Speaker:And so we can make that distinction. I think, just to agree,
Speaker:you know, it can be really hard to tell sometimes.
Speaker:The benefit of clinical neurophysiology is that it's an extension of the history
Speaker:and examination. So if we're not sure on the history and exam,
Speaker:often the nerve conduction studies will give us the answer.
Speaker:So that's really helpful. Thank you.
Speaker:Sally, I guess we know that Dominic leads a very big and busy MND clinic here,
Speaker:and you've been involved with that as well as assessing patients with Parkinson's.
Speaker:Obviously, you showed us the website and you can find a speech pathologist anywhere
Speaker:in Sydney, et cetera. But, you know, what sort of services do we offer here?
Speaker:You know, if we've got patients that are, you know, have MND,
Speaker:have Parkinson's, how do they become engaged with your service?
Speaker:Yeah, so they can actually, so I sit in a, it's called the Australian Hearing Hub.
Speaker:It's in the main faculty of the university and it's where audiology,
Speaker:psychology and speech and hearing sciences sits. And we have a clinic in that building.
Speaker:It is actually a student-run clinic. So my other dual role here is clinical
Speaker:educator of speech pathology students who are master's students.
Speaker:So that does afford a little bit of a financial discount to clients if they
Speaker:are accessing that service.
Speaker:But they still have a speech pathologist in the room. So they're not being left sort of unsupervised.
Speaker:So we have that service. we provide so I accept referrals from.
Speaker:Any adult and any adult is actually anyone over age of 16 by broad definition
Speaker:and I would see them in a clinic predominantly for an assessment but I do do a lot of home visits.
Speaker:I set up a lot of assistive technology in the community for people with MND
Speaker:or people who have mobility disruptions associated with whatever clinical diagnosis
Speaker:that have that prevents them from walking in my door and I go to them and see them in their home.
Speaker:So, they don't need a GP referral. They can make a referral.
Speaker:There is an intake process.
Speaker:There is a waiting list. I am not the only speech pathologist on site either.
Speaker:So, they don't necessarily need to see me. I have other colleagues in that department
Speaker:and we would follow that through in that environment.
Speaker:Thank you. I think it's brilliant to have student speech pathologists involved with the service.
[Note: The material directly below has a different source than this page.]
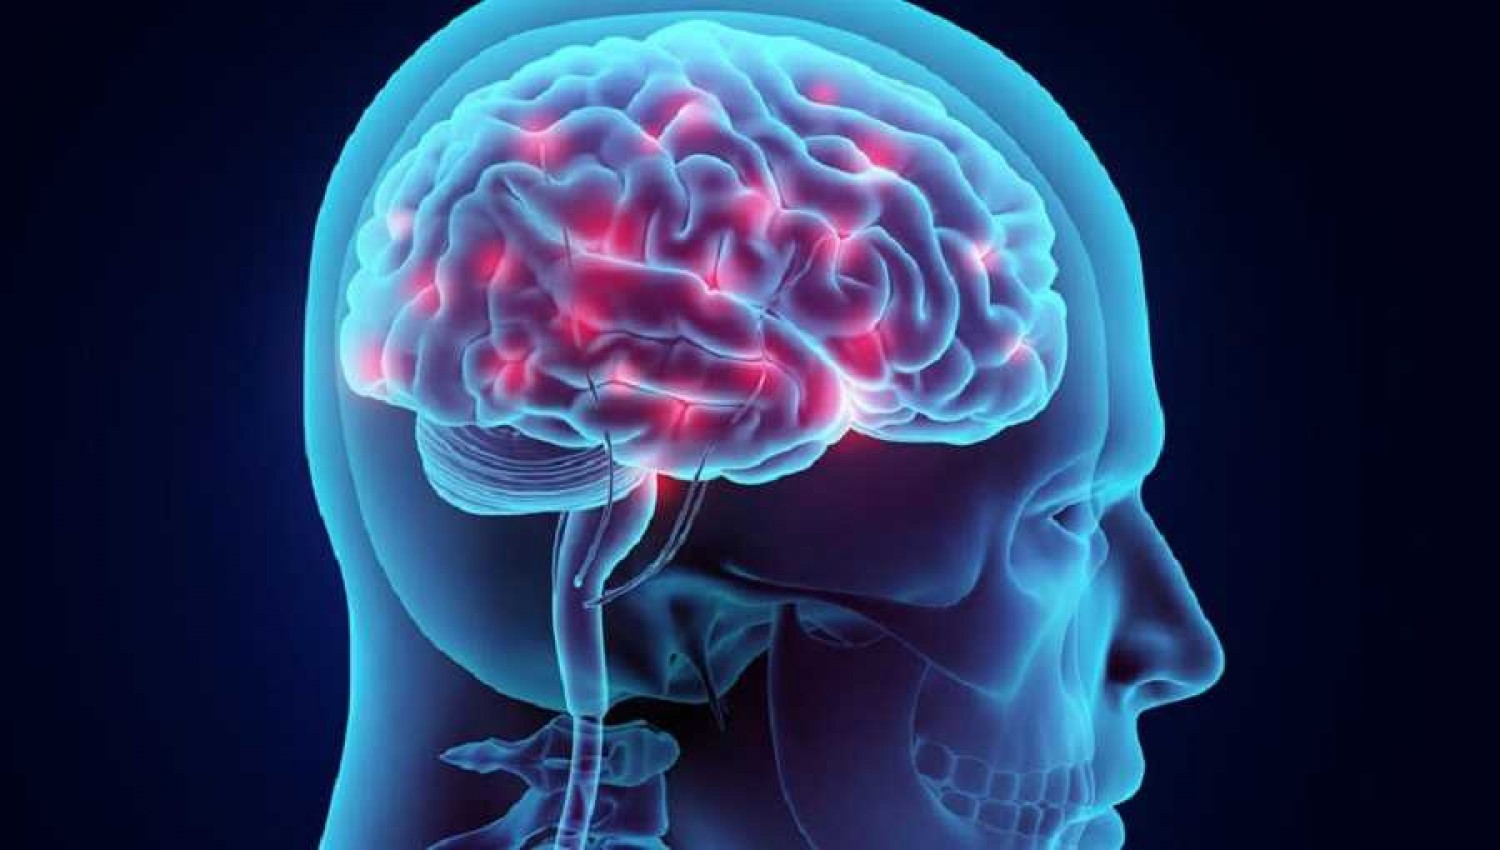 Ποιος παράγοντας μπορεί να προκαλέσει συρρίκνωση του εγκεφάλου

Speaker:Obviously, it's great for their learning, but anything that can make this incredibly
Speaker:important service more accessible, I think, is really, really valued and, you know, fantastic.
Speaker:So, I think we've come to the end of the session. It's, I guess,
Speaker:just up to me now to thank our speakers once again for a very stimulating and
Speaker:interesting session, both the Q&A and the talk. So, thanks very much.